Data-driven Hypothesis

Introduction

TL;DR

Imagine interrogating 100s of GBs of data by simply querying your gene of interest to develop a hypothesis before testing it. This is data-driven hypothesis.

Why data-driven hypothesis?

Identifying the key functions of human genes is a major biomedical research goal. While some genes are very well-studied, most human genes we know little about. Mapping a broad set of gene functions en masse is currently not possible, and therefore most scientific research proceeds with a one-gene-at-a-time approach. While this reductionist approach has guided the scientific methods for hundreds of years, the volume, complexity, and sophistication of modern science necessitate alternative approaches.

Current incentives in science encourage study of a few genes, where many of the ~20,000 genes remain understudied.

What is data-driven hypothesis?

New tools in Data Science – a combination of computer programming, math & statistics, and topical expertise – combined with the rapid adoption of open science and data sharing allow scientists to access publicly available datasets and interrogate these data before performing any experiments.

Such tools allow researchers to identify new hypotheses for well-studied genes, or new processes for un-annotated genes.
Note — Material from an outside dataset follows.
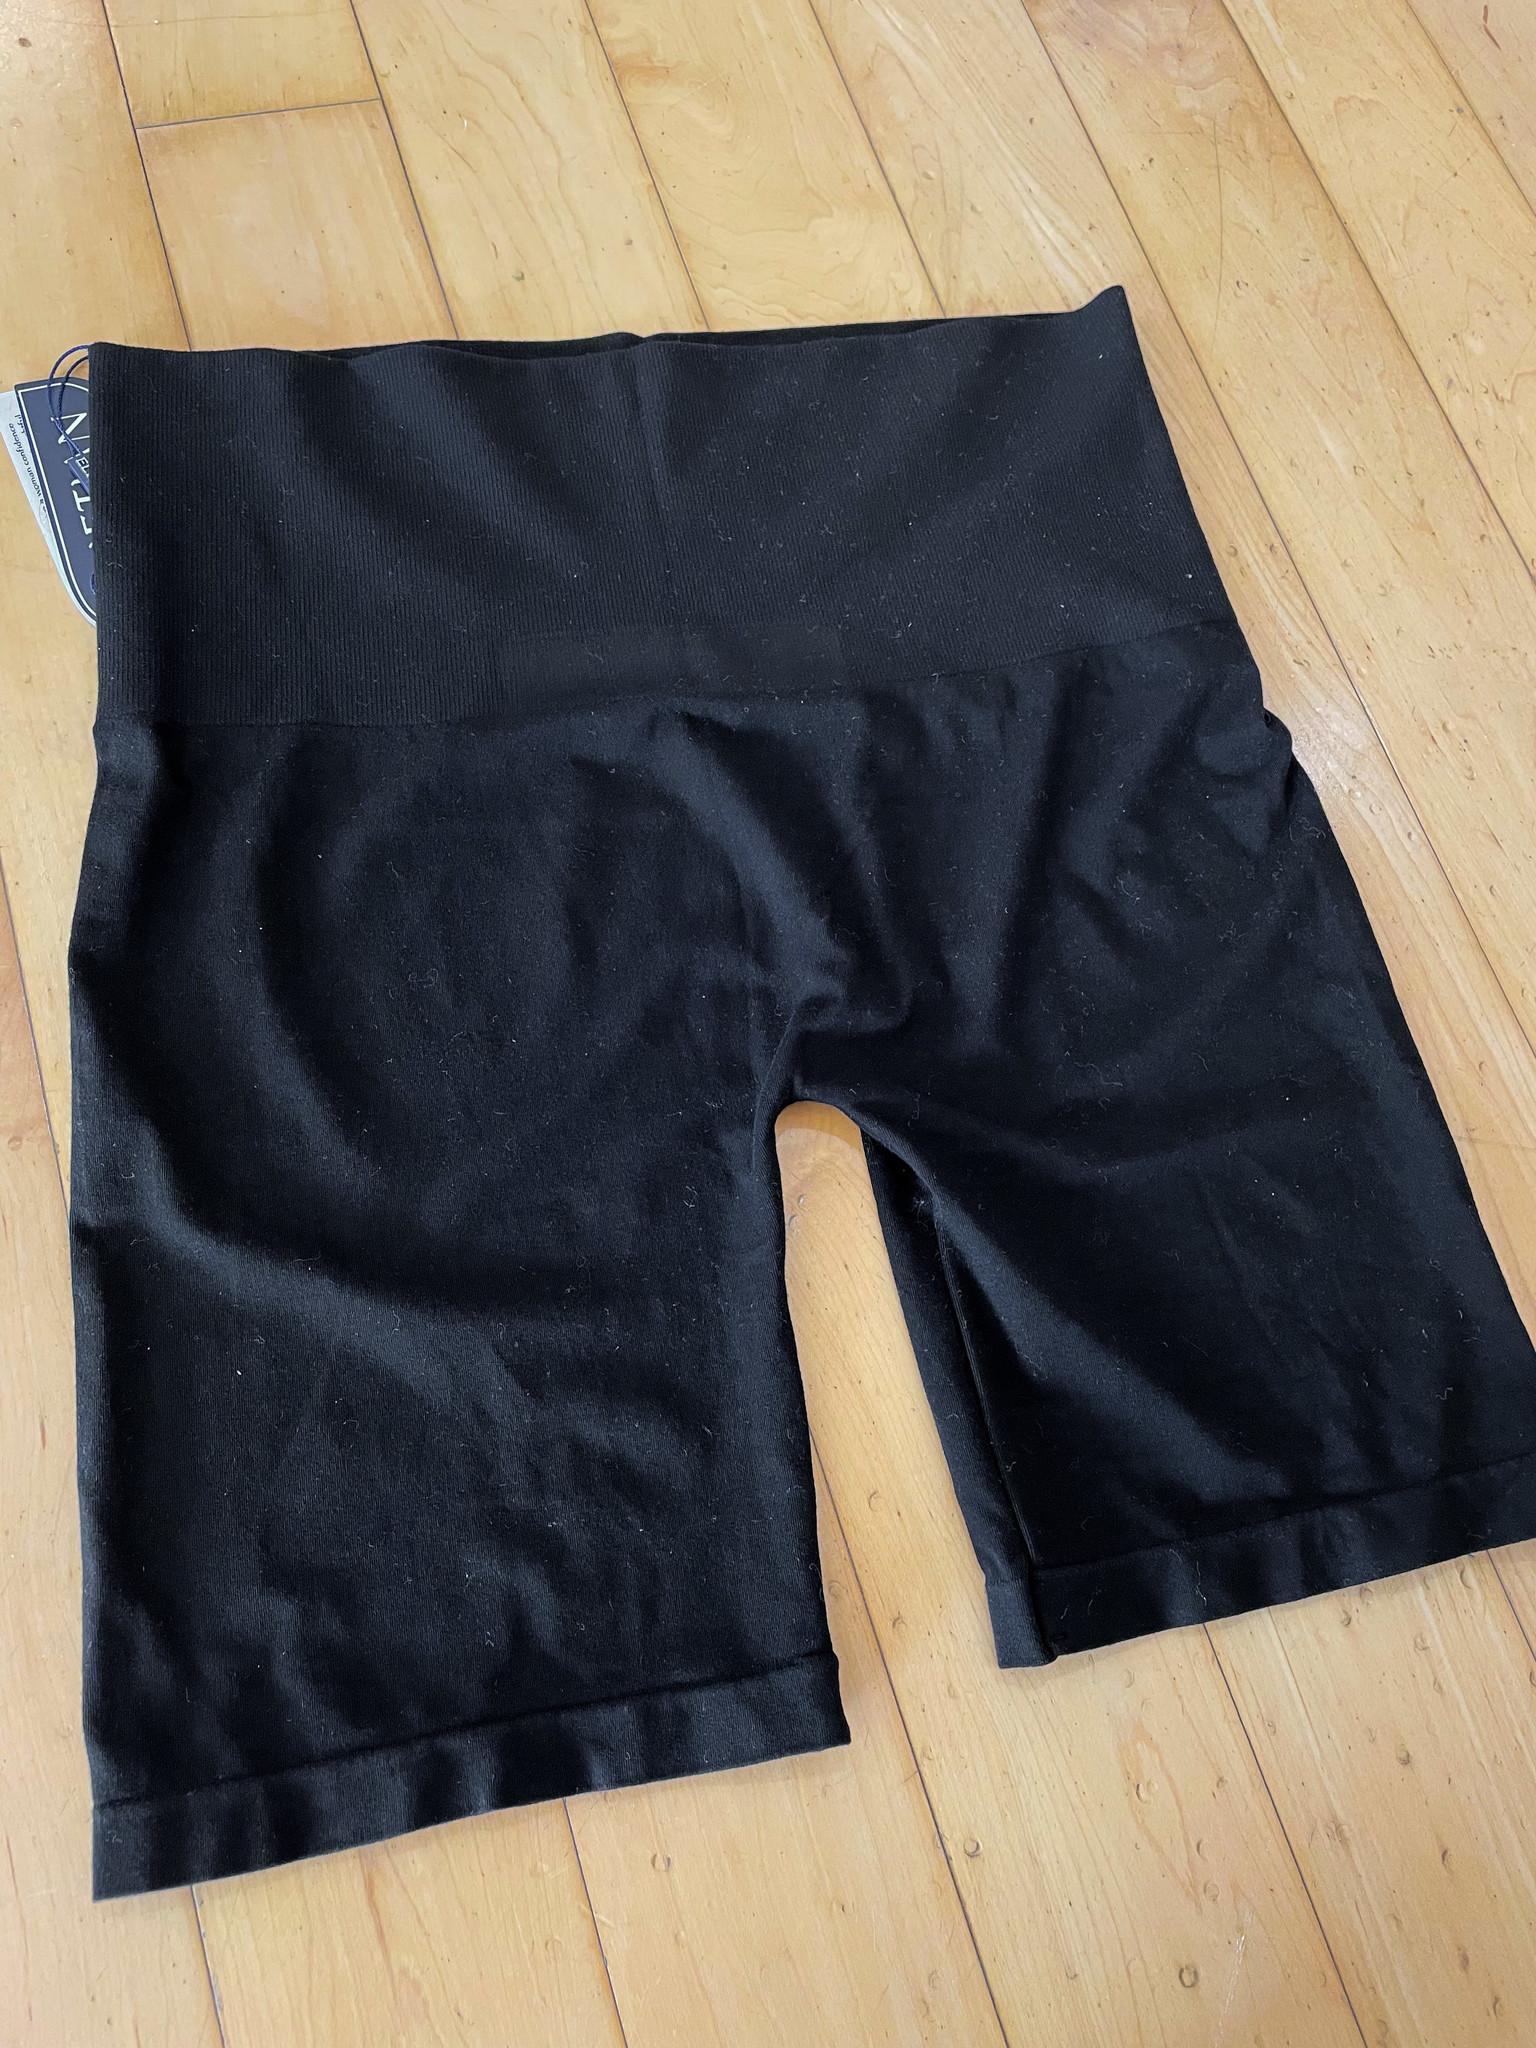 Black Extended Fit High Waist Tummy Control Biker Shorts

Indeed, most human genes are poorly studied, perhaps because of the intractability to study them with no prior knowledge.

This project aims to address this challenge. Welcome to data-driven hypothesis.
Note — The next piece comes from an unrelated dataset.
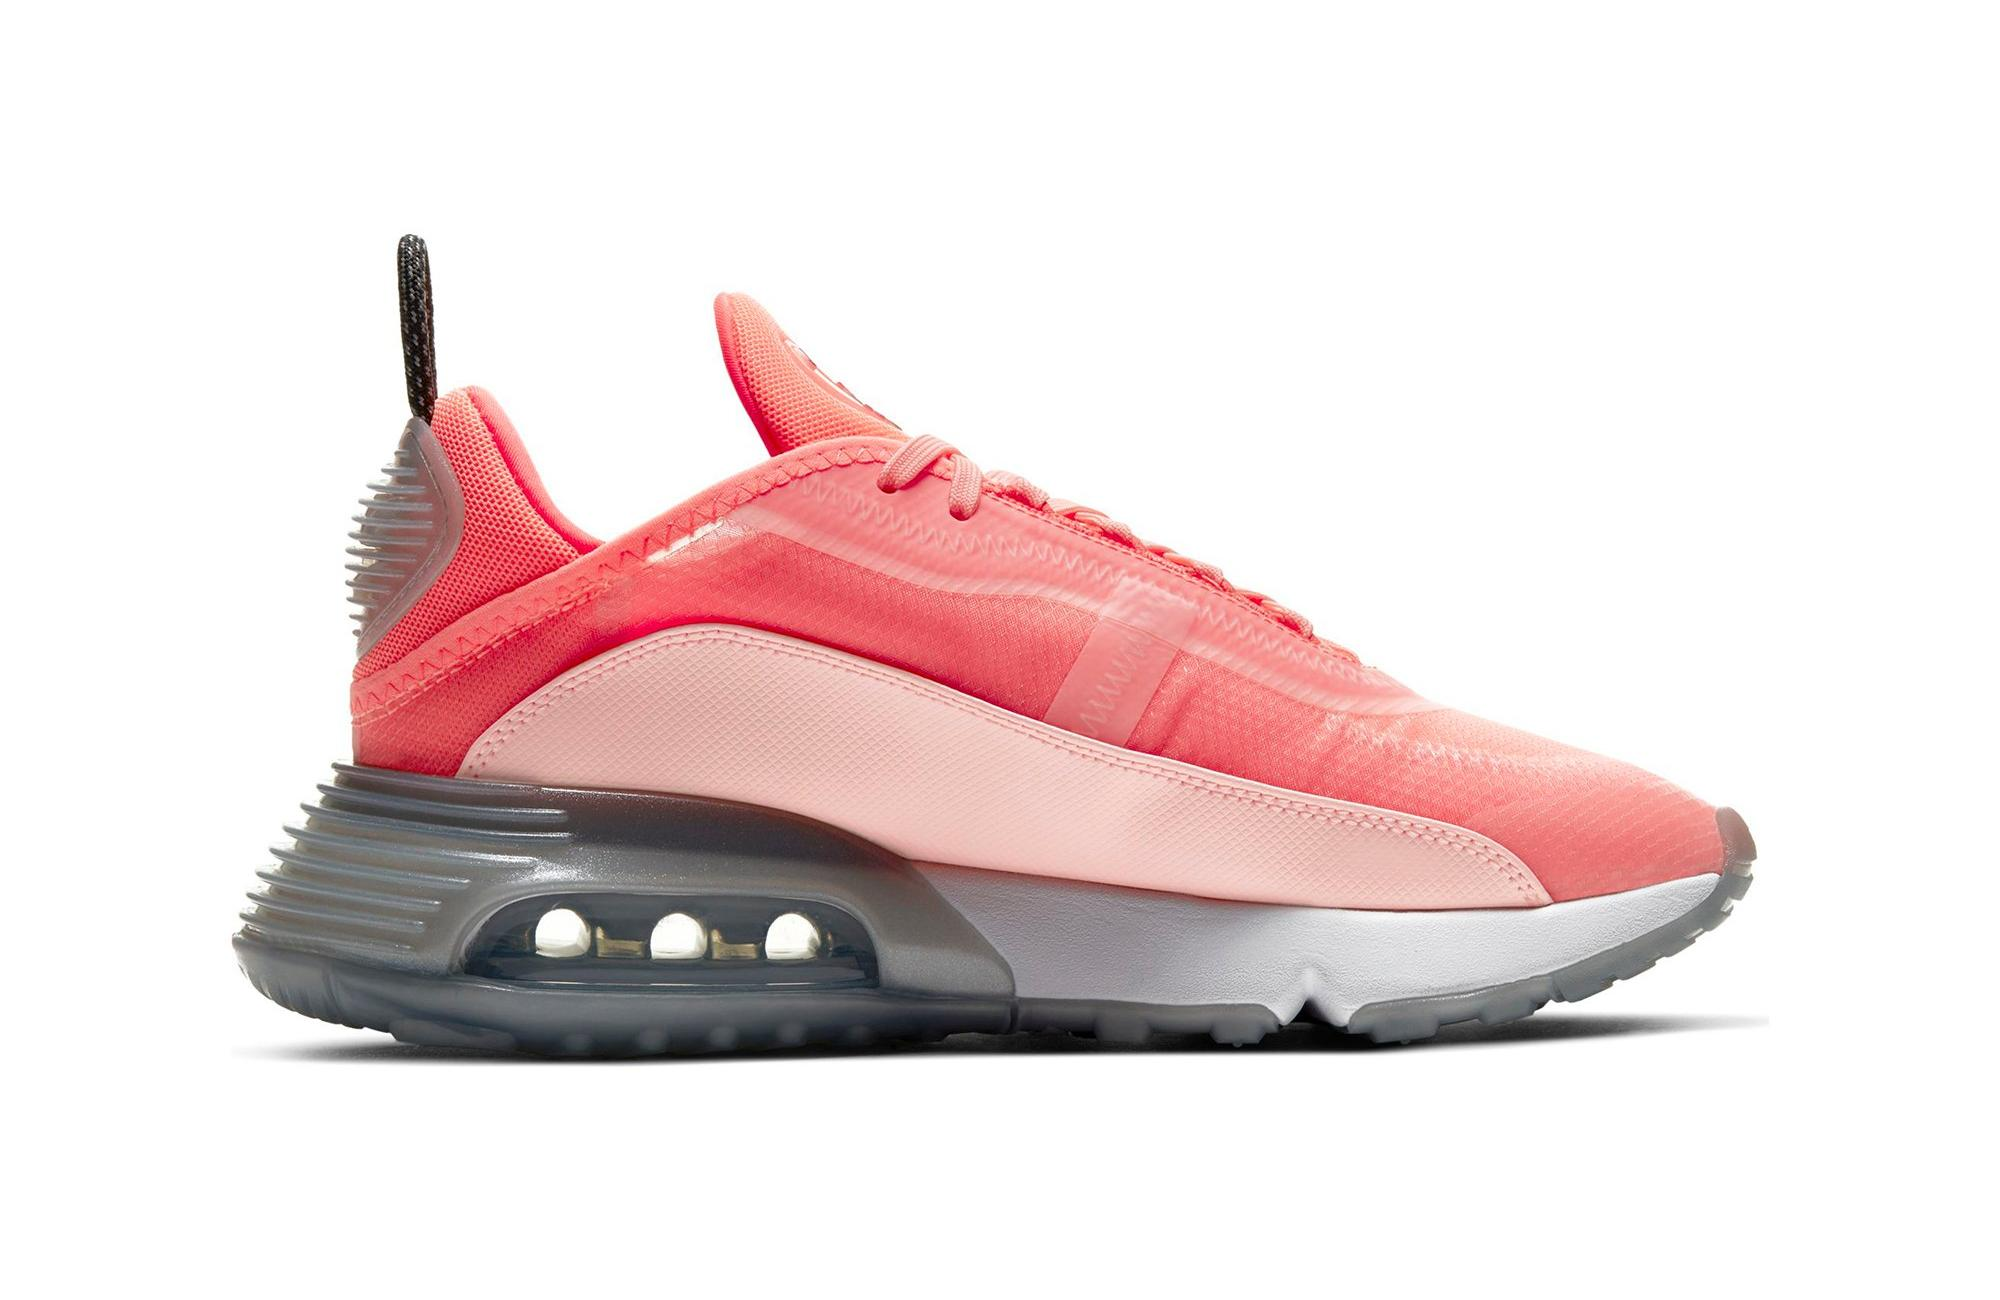 Nike Air Max 2090 right

The overall goal of the data-driven hypothesis (DDH) project is to use new tools in Data Science to generate hypotheses supported by data that can be tested in the lab. Several high-quality, publicly available datasets are published online and made available with Creative Commons Attribution 4.0 International (CC BY 4.0) licenses. The advent and rapid adoption of data-sharing platforms, such as figshare.com have provided high-quality data sets for public interrogation.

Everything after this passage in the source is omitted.